Мы в одной из своих работ [1] предложили связать дискурс с понятием «речевой акт». В результате можно получить очень простое и понятное определение дискурса как цепочки речевых актов, ориентированных на одну микротему, которая по мере нарастания складывается в тему текста/дискурса.

2. Текст как знак дискурса

Не подлежит сомнению, что текст и дискурс тесно связаны друг с другом в семиотическом плане (см., например, работы: П. Серио, 1999; Ю. Земской, 2010 и др.). Текст может пониматься как знак дискурса только в семиотической ситуации, когда появляется адресант и адресаты, на которых и направлено текстовое сообщение, при этом в момент восприятия и понимания адресатами оно превращается в дискурс, поскольку обрастает социогенными обстоятельствами и прагматическим воздействием на адресатов. Таким образом, текст функционирует как

знак дискурса в коммуникативно-знаковой ситуации. Если заранее подготовить некий связный речевой континуум, характеризующийся завершенностью, логичностью, когезией и когерентностью, то возникнет текст, который еще не стал дискурсом, так как не вышел за рамки сознания его создателя, не стал элементом коммуникативной интеракции, потому что не приобрел пока адресата, ради которого и был задуман. Если адресат попадет в семиотическую ситуацию восприятия данного текста, т.е. прочтет или прослушает этот текст (про себя или вслух), то этот текст в момент восприятия превратится в дискурс, поскольку процесс восприятия и понимания информации будет протекать в реальном времени и при участии адресата, в том числе и автоадресата, если коммуникативная интеракция ведется с самим собой, поскольку воспринятый текст может изменить самого говорящего и одновременно слушающего, т.е. вызвать прагматический (перлокутивный) эффект.

Текст как знак дискурса может приобрести письменную форму, т.е. долговременную форму существования и хранения.

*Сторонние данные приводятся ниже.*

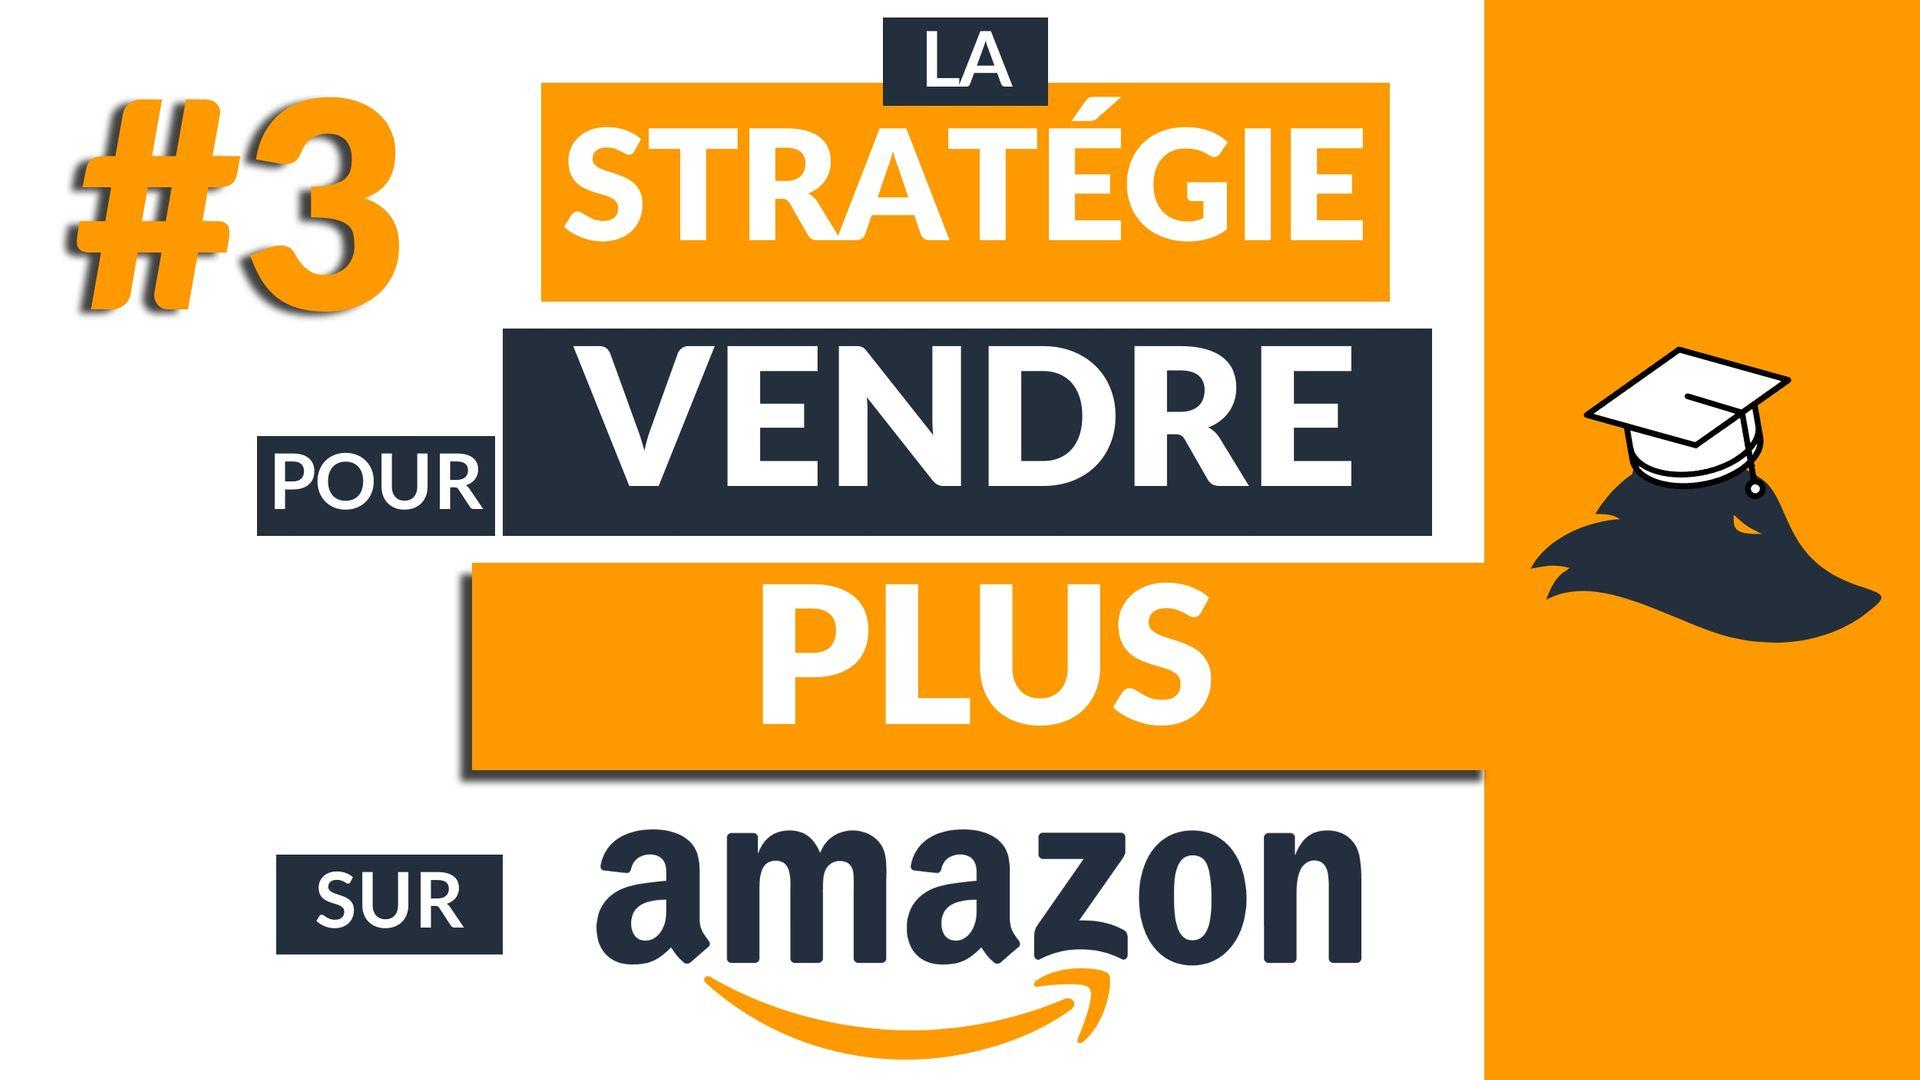 Mini-formation Intellifox - La stratégie pour VENDRE PLUS sur Amazon

Это означает, что он в любой момент может вновь превратиться в дискурс, если возникнет адресат, который через много веков возьмет книгу в руки и прочтет древний текст, что породит эффект понимания (возможно, частичного) той информации, которая содержится в тексте. Следовательно, любой текст, включая и древний, — это потенциальный дискурс. Текст может на долгое время «затаиться» и существовать в записанной форме, но как только некто обнаружит его и начнет читать, в результате в какой-то мере изменив свою картину мира под его воздействием, текст сразу превратится в дискурс на момент его чтения или слухового восприятия. Так происходит до бесконечности коммуникативных интеракций адресата и адресанта с участием данного текста.

Спецификой обладает устный текст (например, фольклорный или современный звучащий) в виде монолога или диалога, который воспринимается в процессе звуковой коммуникативной интеракции, — это «дискурс он-лайн». Если его не записать, он перестанет существовать как реальность после своего произнесения и переместится в виде фрагментов в память (иногда он запоминается слово в слово, т.е. целиком, например, в эпосе или фольклоре). На протяжении многих тысячелетий человечество имело дело преимущественно с таким видом текста, однако возникновение письменности и книгопечатания, но особенно цифровой системы хранения и передачи информации и Интернета существенно изменило дискурсивное общение и породило тотальность коммуникативных интеракций в последнее время [1].

Также и текст имеет множество определений, мы ограничимся метафорическим определением: текст — это спящий дискурс, если текст включить в реальную жизнь, в систему социальных и коммуникативных отношений, он превратится в дискурс.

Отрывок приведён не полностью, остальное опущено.